Instructions to follow:
Your answer should be the lines of the listing that contain the word "Source".

Material provided:

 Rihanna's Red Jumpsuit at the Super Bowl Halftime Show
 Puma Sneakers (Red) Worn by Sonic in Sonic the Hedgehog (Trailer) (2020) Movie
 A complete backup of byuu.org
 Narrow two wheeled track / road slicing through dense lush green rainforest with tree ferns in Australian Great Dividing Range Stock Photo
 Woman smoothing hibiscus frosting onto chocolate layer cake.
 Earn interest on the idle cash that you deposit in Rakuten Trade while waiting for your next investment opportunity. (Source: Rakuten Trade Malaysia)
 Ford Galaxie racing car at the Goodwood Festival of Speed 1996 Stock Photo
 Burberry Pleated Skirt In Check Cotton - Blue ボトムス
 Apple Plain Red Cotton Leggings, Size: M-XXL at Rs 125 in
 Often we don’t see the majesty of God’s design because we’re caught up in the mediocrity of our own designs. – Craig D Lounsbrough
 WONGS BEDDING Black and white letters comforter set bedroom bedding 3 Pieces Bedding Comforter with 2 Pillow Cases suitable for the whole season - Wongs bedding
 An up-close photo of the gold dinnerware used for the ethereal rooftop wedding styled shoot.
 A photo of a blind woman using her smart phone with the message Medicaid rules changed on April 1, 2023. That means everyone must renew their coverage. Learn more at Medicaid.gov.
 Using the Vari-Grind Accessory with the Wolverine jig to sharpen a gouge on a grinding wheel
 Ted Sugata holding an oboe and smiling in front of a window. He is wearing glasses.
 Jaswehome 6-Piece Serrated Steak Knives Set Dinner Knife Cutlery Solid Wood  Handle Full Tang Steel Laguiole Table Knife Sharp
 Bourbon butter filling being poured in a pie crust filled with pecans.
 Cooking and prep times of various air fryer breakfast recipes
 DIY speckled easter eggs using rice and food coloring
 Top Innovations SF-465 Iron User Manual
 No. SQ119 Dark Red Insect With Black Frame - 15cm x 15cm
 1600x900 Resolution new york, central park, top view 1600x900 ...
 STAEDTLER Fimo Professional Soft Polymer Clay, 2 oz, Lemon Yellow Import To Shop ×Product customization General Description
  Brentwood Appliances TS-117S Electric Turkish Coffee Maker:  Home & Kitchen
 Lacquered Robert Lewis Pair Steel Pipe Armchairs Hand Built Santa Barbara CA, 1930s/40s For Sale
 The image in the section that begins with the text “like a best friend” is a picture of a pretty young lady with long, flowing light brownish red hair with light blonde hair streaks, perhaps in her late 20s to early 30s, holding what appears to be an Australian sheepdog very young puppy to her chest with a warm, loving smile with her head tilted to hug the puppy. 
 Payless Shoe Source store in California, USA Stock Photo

Written response:
 Earn interest on the idle cash that you deposit in Rakuten Trade while waiting for your next investment opportunity. (Source: Rakuten Trade Malaysia)
 Payless Shoe Source store in California, USA Stock Photo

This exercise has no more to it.